Maps of the energy barriers faced by an ion in different parts of the channel. Areas with high energy barriers are colored red, while those with low energy barriers are colored blue. An ion following the lowest energy pathway (traced by the heavy dotted lines) would assume configurations a-b-d-f. Alternatively, ions may follow a secondary low-energy pathway (traced by the thin dashed lines) that follows the configurations a-c-d-f. Click to enlarge
 

Channel cartography

What the calculations revealed was astonishing. The model indicated a progression where potassium ions slide in and out of the binding sites in unison. Just as one ion leaves the channel, another slides into place outside the mouth, and the ions already in the channel roll one valley, or binding site, closer to the exit. Furthermore, Roux says, "Many biophysicists had been relatively uncomfortable having so many ions in a small pore; the energy repelling one another was thought to be enormous...The simulation showed us, yes, the ions can move in this pore, and the repulsion in the pore is actually much more modest than people had expected."

In addition to five interior valleys or sites where the simulation found that ions were most likely to be located, Roux's calculations predicted two as-yet-undetected sites at the mouth of the channel, just outside the cell membrane. The energetic slope at each of these valleys was very gentle and allowed ions to keep moving rather than linger.

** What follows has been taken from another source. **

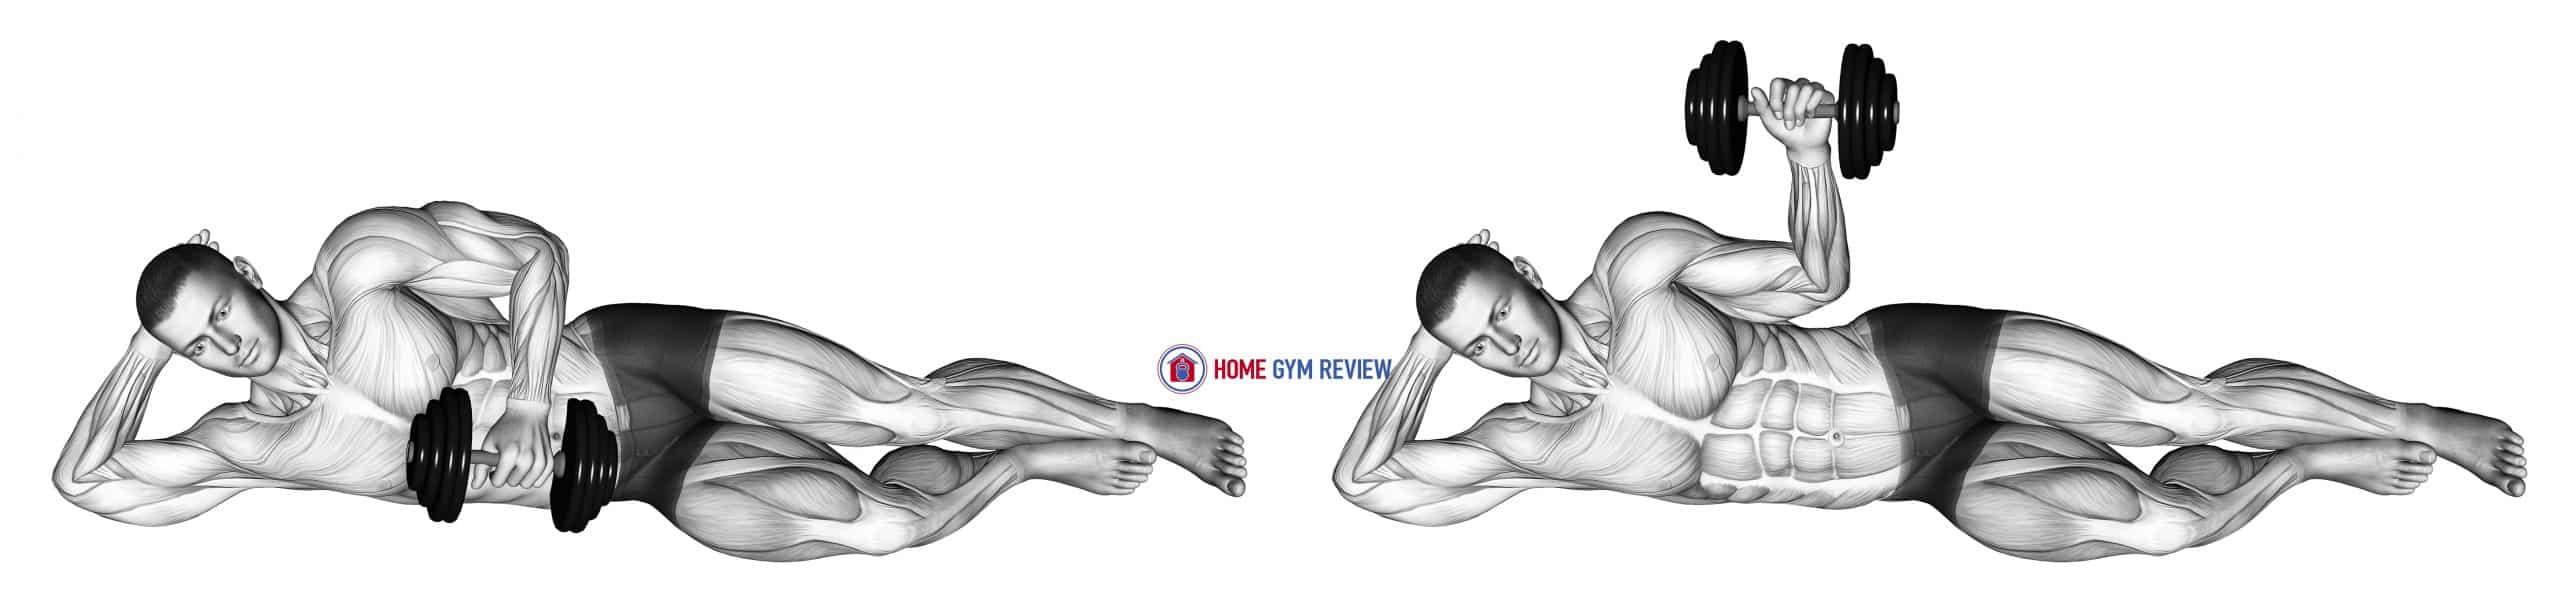 Dumbbell lying external shoulder rotation

Just as Berneche and Roux completed their analyses, MacKinnon and colleagues made available a second X-ray crystallographic image showing the potassium channel at much higher resolution. The snapshot revealed several potassium ions in the act of passing through the channel, data that closely agreed with the positions predicted by Roux and Berneche. The crystallography work and the prediction were published in the same issue Nature in 2001. In an accompanying review, biochemist Christopher Miller of Brandeis University writes of Roux and Berneche's achievement, "This successful prediction in advance of the facts--a rarity in computational biochemistry--enhances the confidence of skeptical experimentalists in methods and parameters used in this theoretical work."

Now that the basis of ion conduction is clearer, the next challenge will be to understand how the potassium channel opens and closes its doors to allow an ion to pass. The potassium channel itself looks like an upside-down teepee made up of four identical molecular subunits. Each subunit makes up part of the door that closes the channel entrance. Recent X-ray crystallographic images, which have caught the door in its open position, show that each subunit must move in order to open the channel. "How does this happen? Do they open one by one? Or at the same time? That will definitely be an interesting thing to look at," Roux says. Once he finds out, with help from NCSA's computing resources, rush hour will never feel as bewildering again.

This research is supported by the National Science Foundation, the National Institutes of Health, the Merck Research Laboratory, and the Keck Foundation.